(What is being asked) Please give back, exactly as written, the lines from the line with "7月3日起北京将实施新一轮尾号限行，周一限行尾号为3和8" to the line with "RAINBOW pH Minus" in the listing below, leaving out all pictures.

***** Source data *****

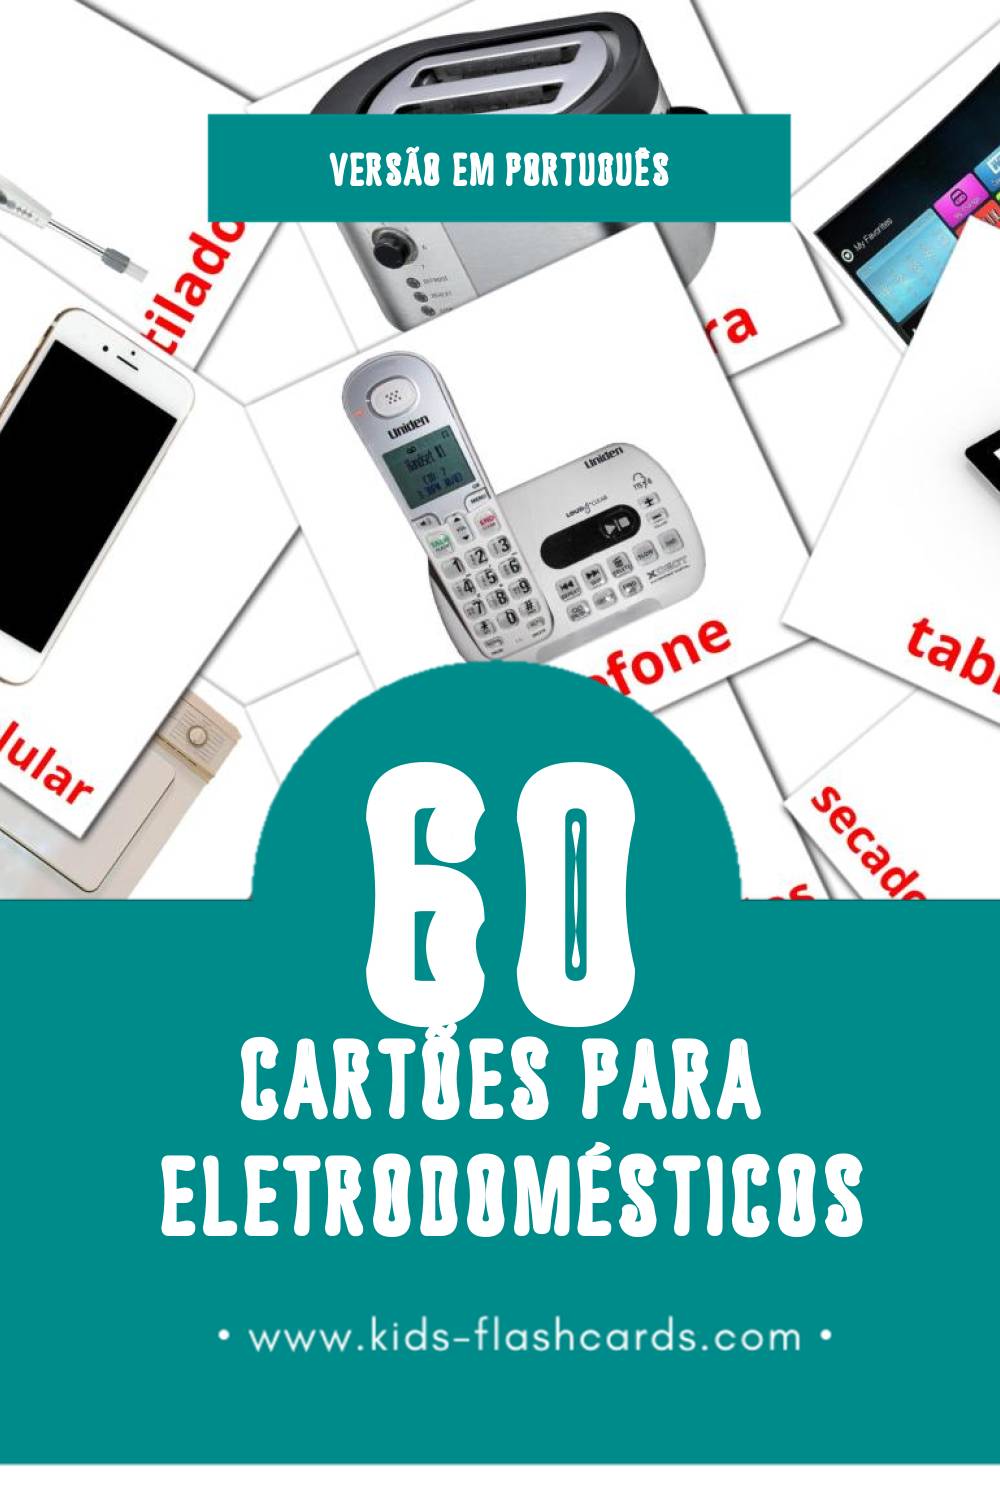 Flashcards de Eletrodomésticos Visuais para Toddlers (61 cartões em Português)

*****
***** Source data *****

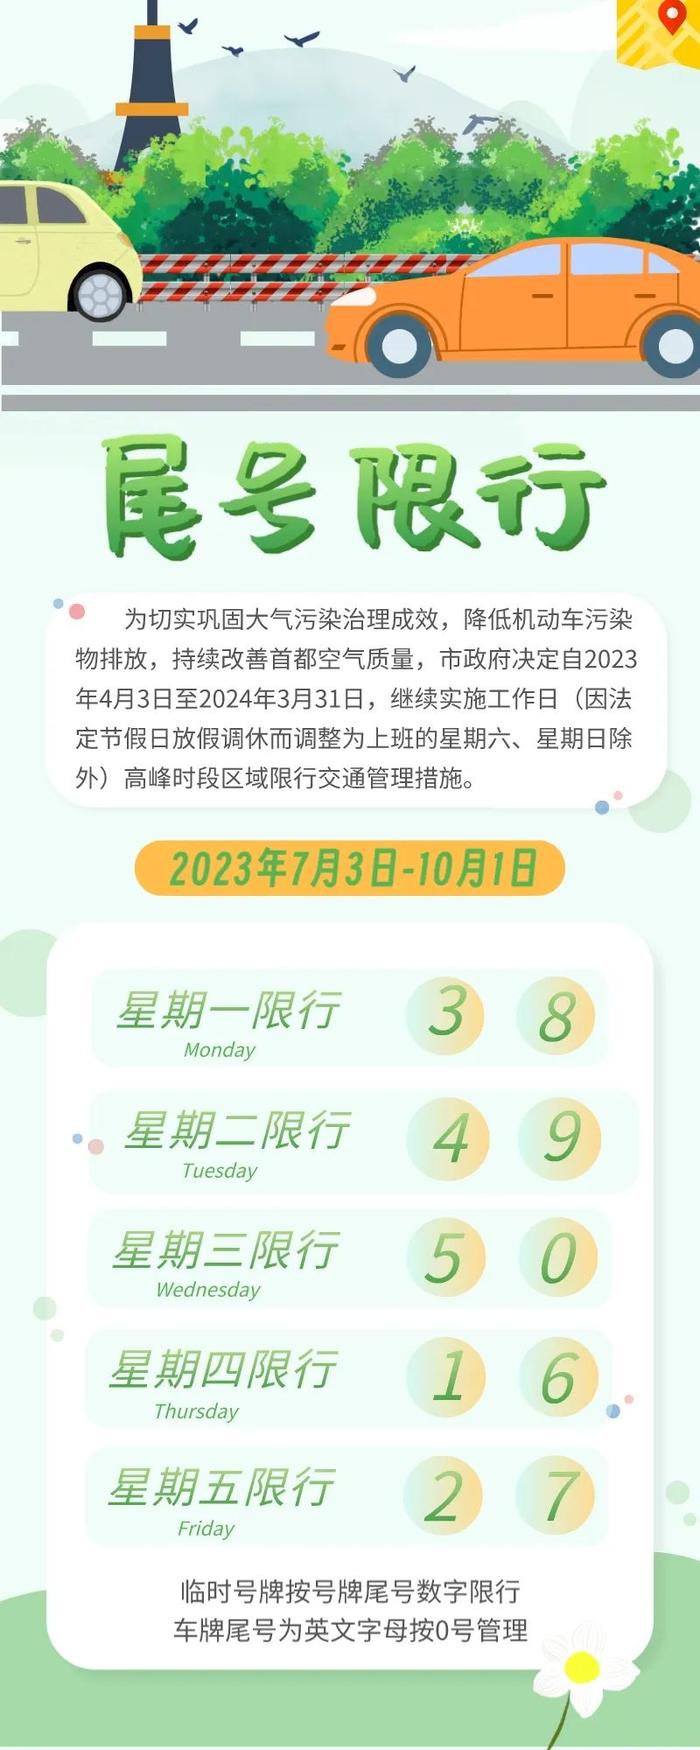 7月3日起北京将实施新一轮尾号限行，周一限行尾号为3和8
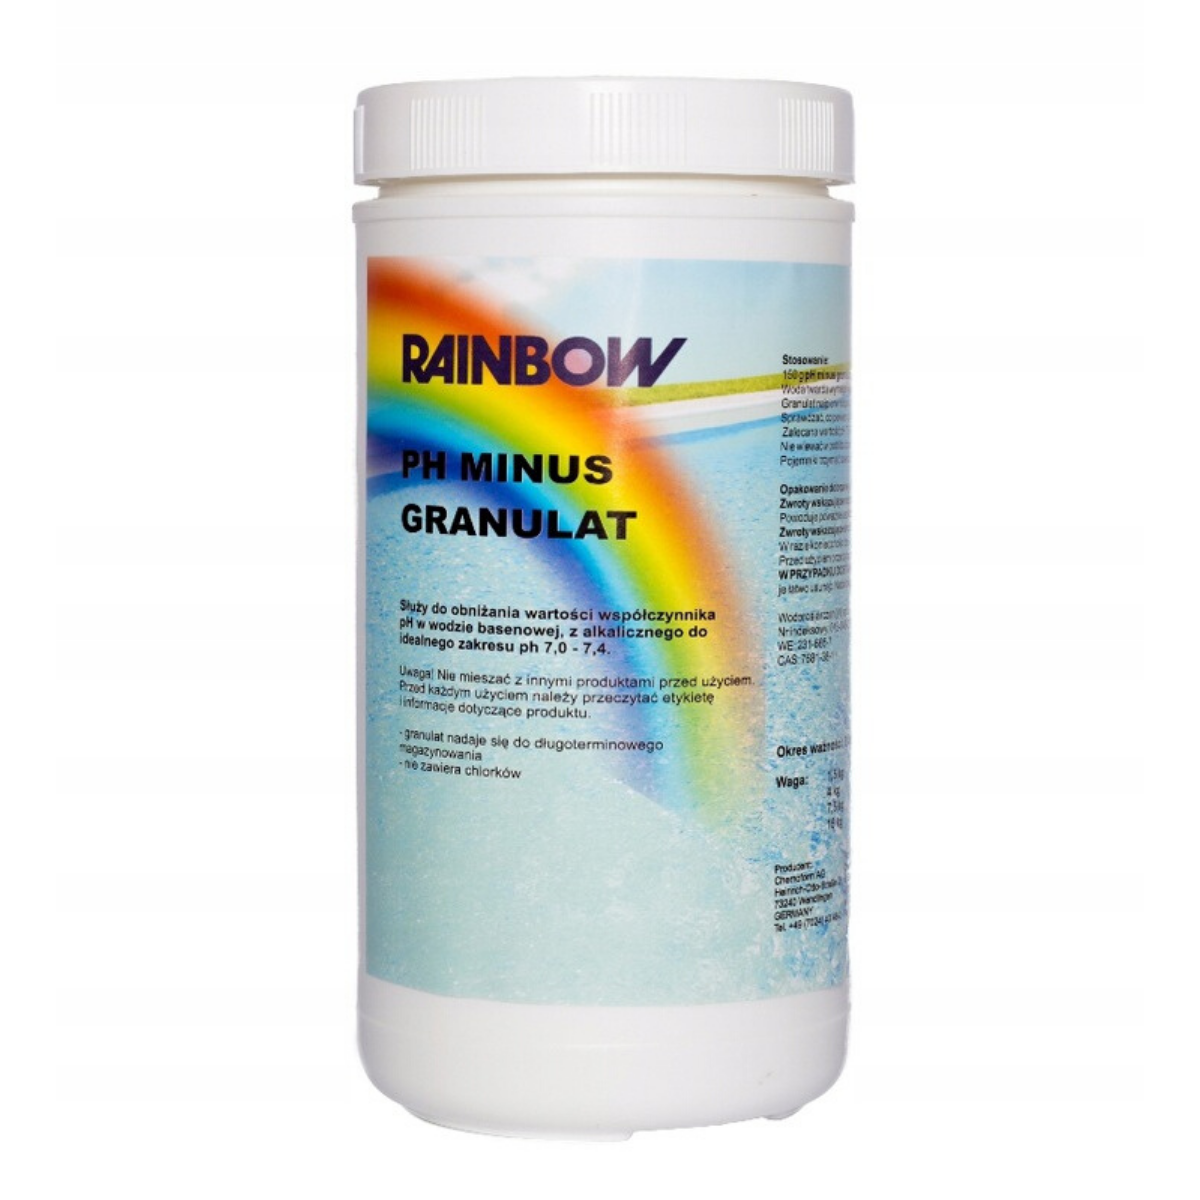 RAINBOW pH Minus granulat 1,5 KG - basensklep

*****

(Answer area)
 7月3日起北京将实施新一轮尾号限行，周一限行尾号为3和8
 RAINBOW pH Minus granulat 1,5 KG - basensklep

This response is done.